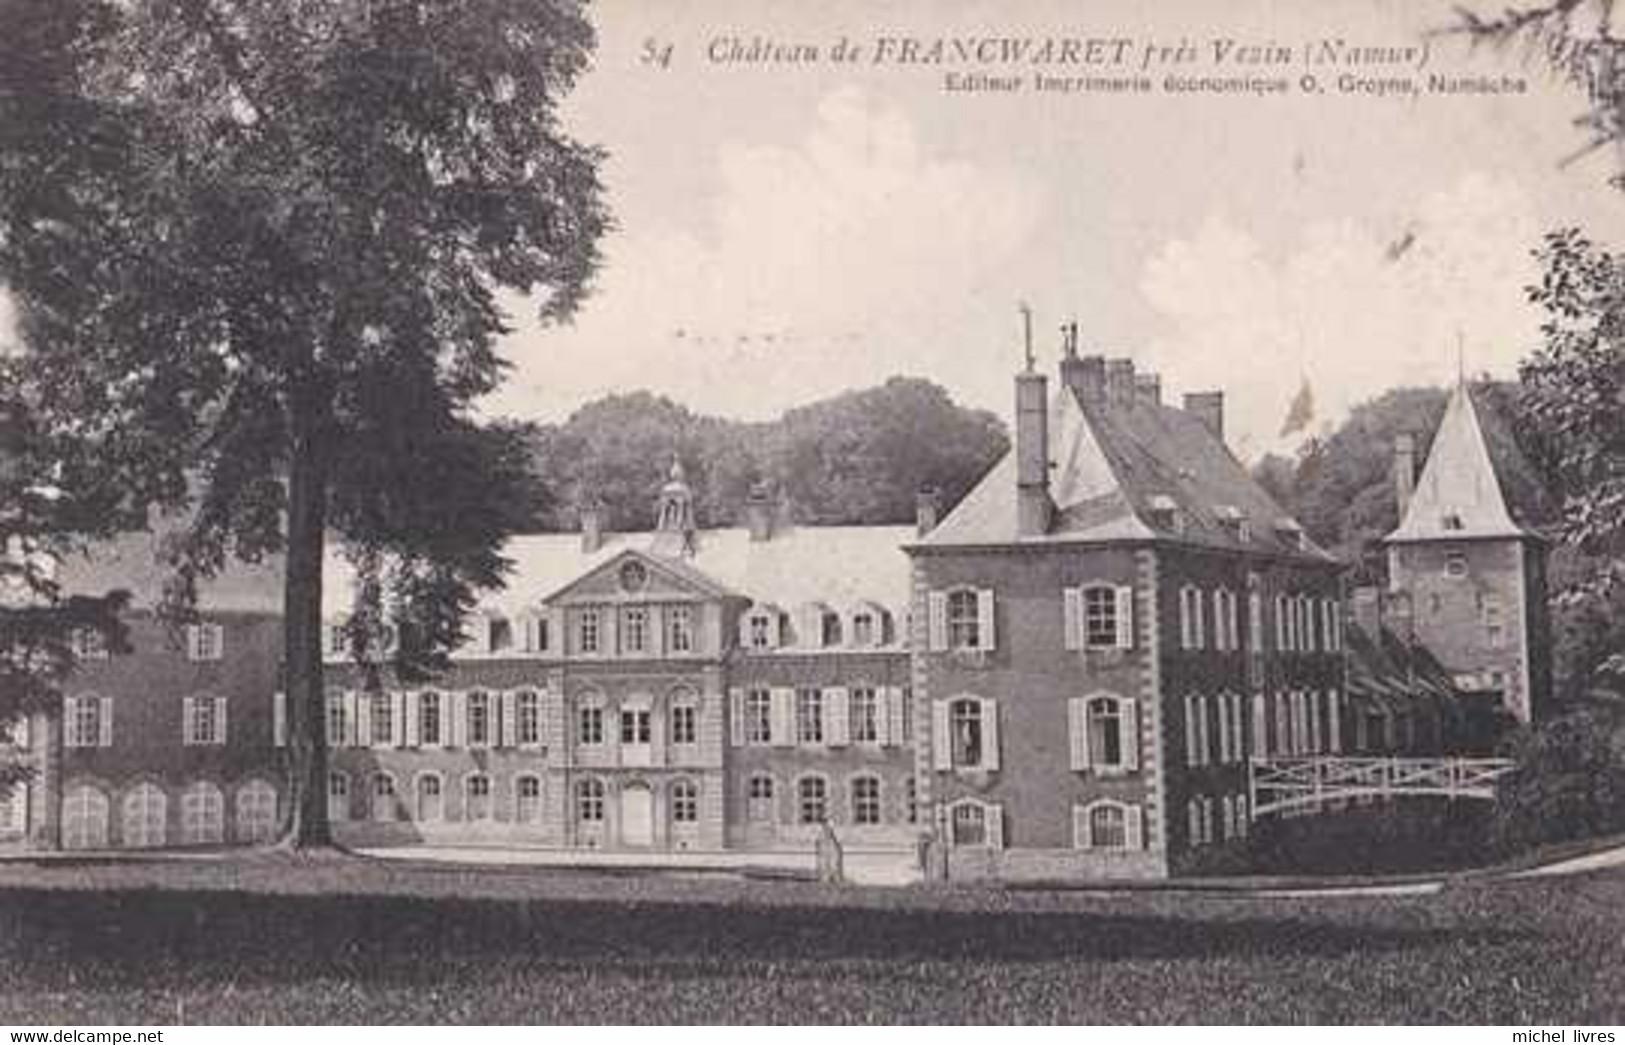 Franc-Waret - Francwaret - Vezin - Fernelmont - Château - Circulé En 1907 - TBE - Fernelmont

◆ ◆ ◆ ◆

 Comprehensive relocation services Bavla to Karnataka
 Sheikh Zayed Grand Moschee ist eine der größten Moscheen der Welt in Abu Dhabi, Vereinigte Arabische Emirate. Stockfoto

◆ ◆ ◆ ◆

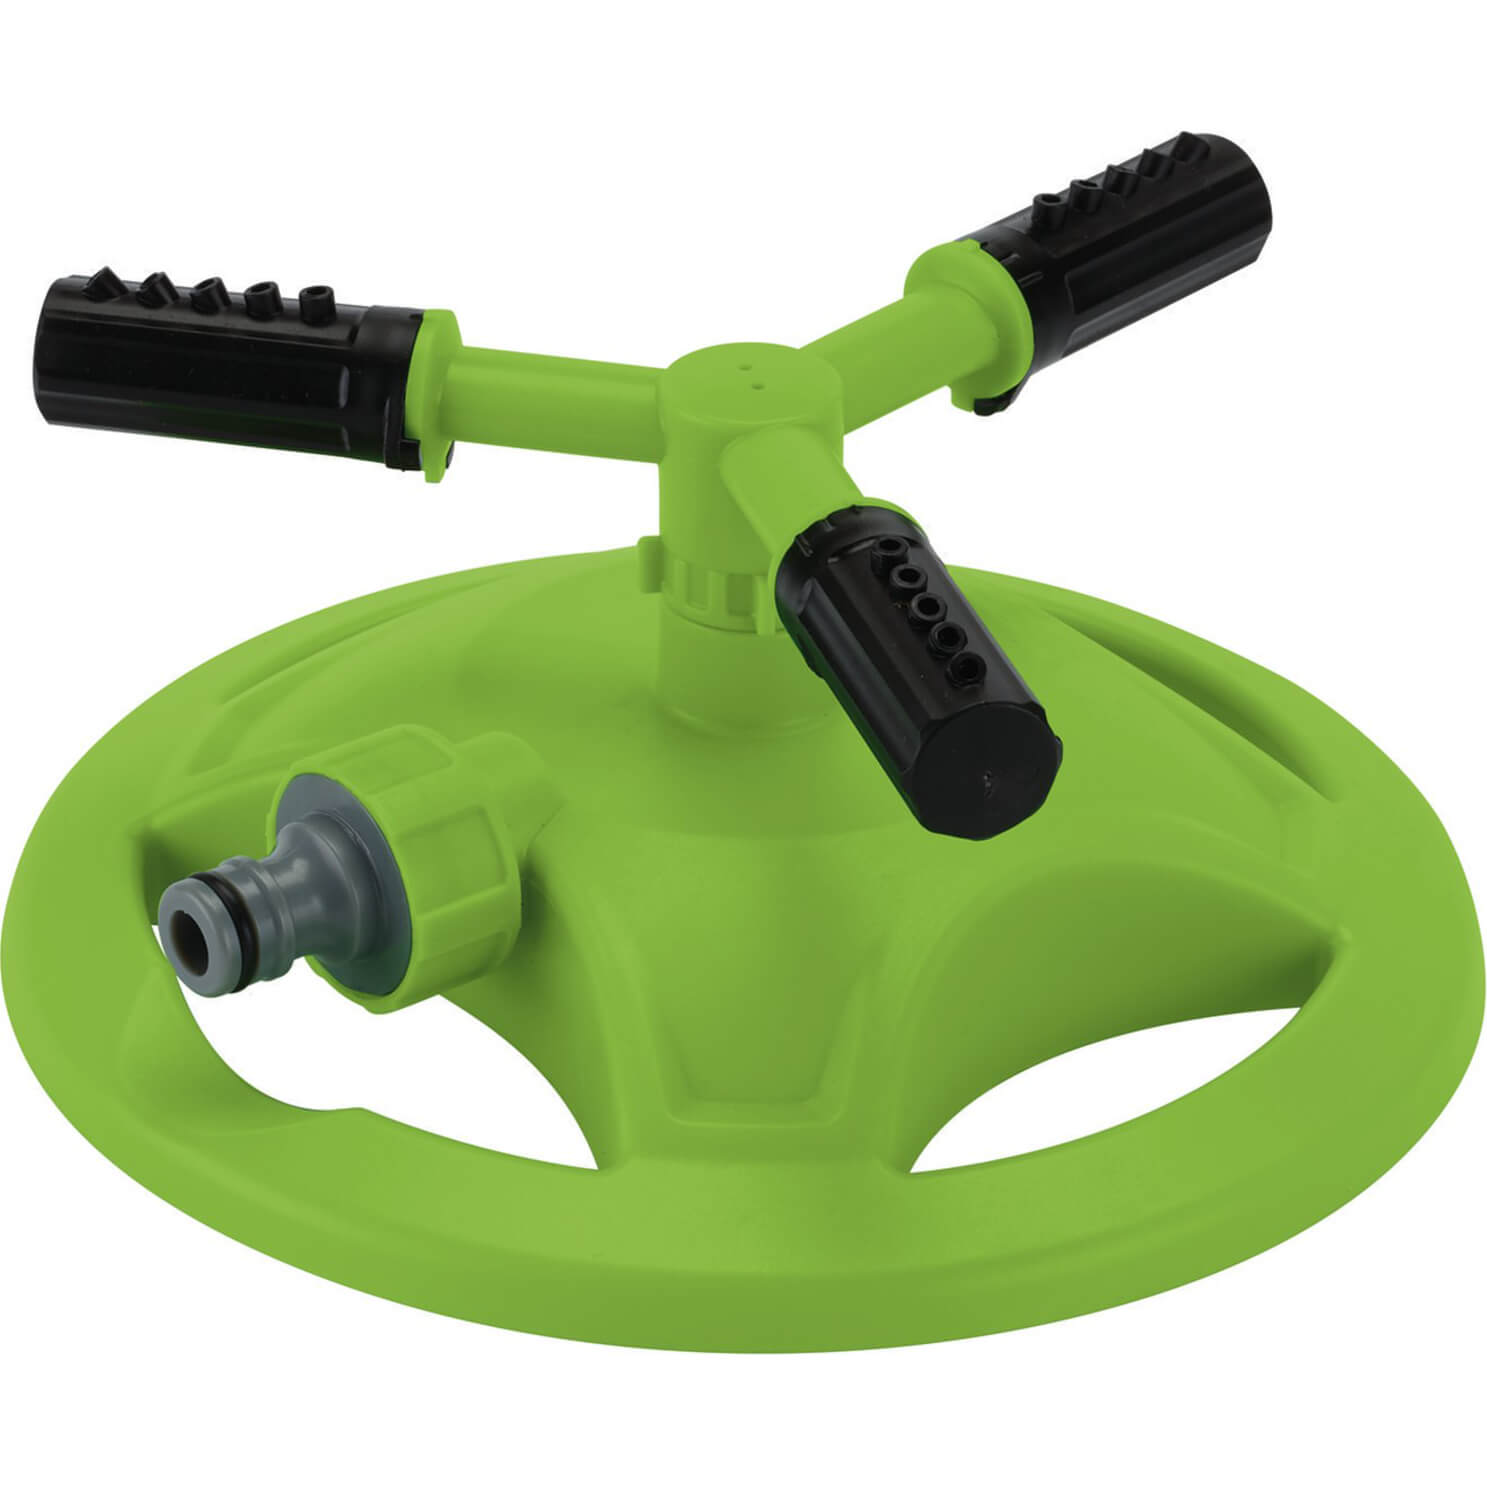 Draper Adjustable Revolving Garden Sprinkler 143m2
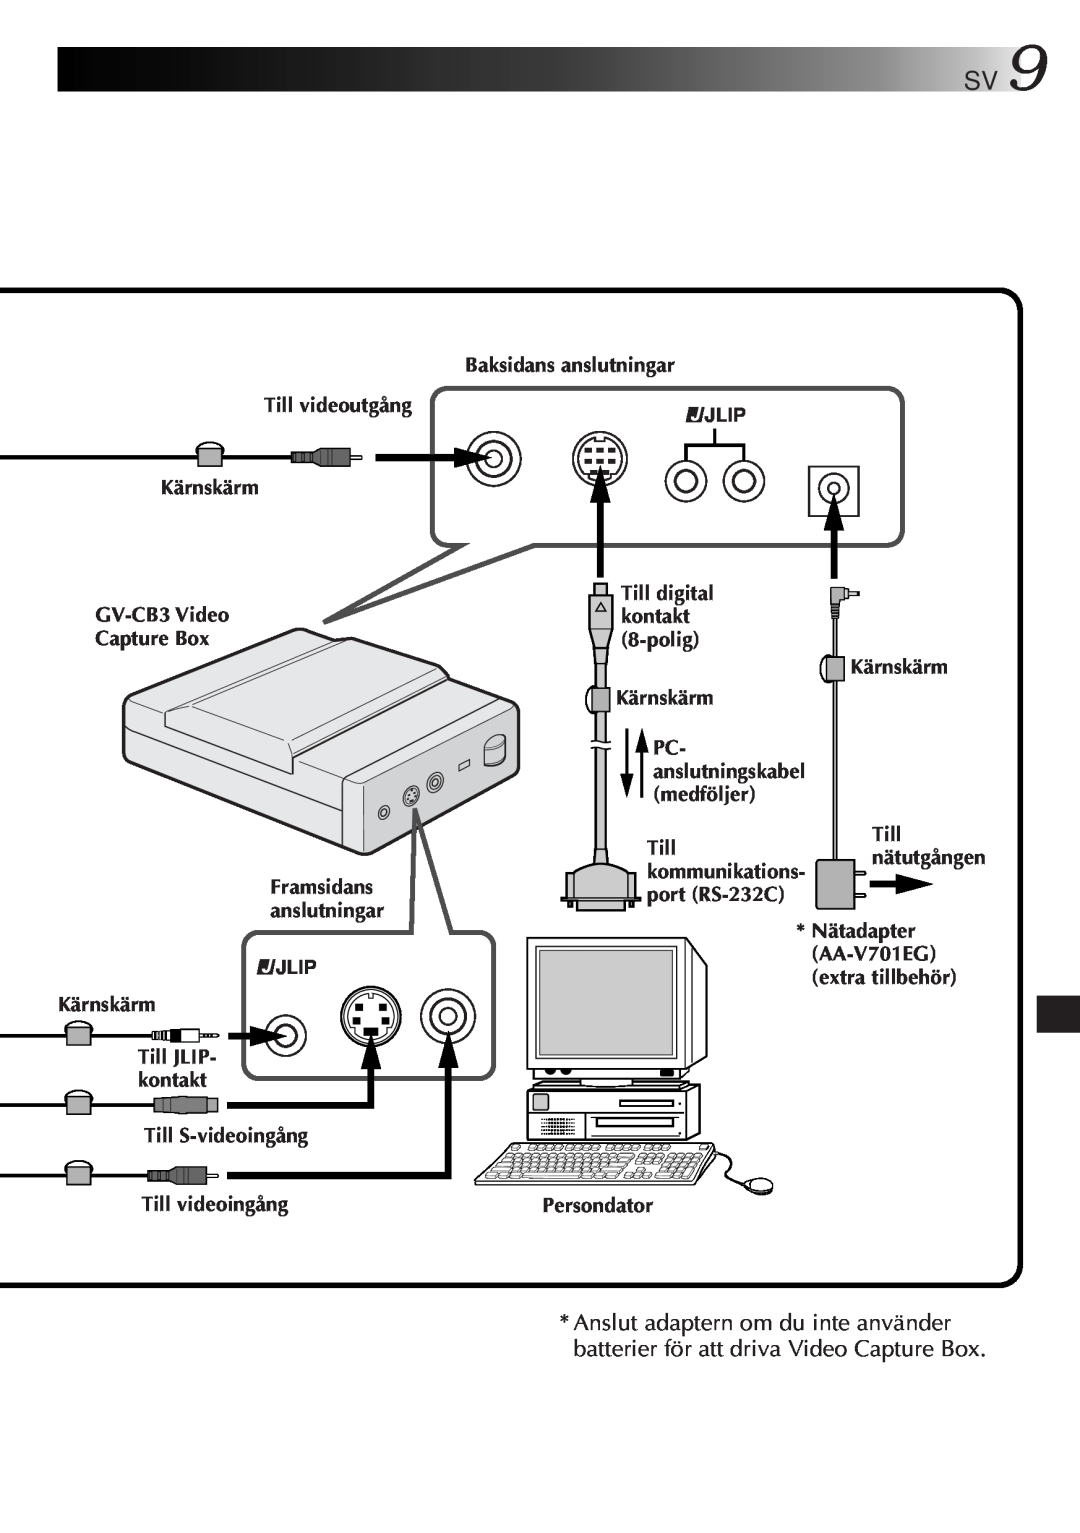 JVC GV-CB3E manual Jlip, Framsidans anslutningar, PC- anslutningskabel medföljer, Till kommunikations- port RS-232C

◆ ◆ ◆ ◆

In the listing above, find the line containing "Draper Adjustable Revolving" and the line containing "JVC GV-CB3E manual". Reproduce those lines and all between them exactly, with no pictures and nothing more.

• Final answer
 Draper Adjustable Revolving Garden Sprinkler 143m2
 JVC GV-CB3E manual Jlip, Framsidans anslutningar, PC- anslutningskabel medföljer, Till kommunikations- port RS-232C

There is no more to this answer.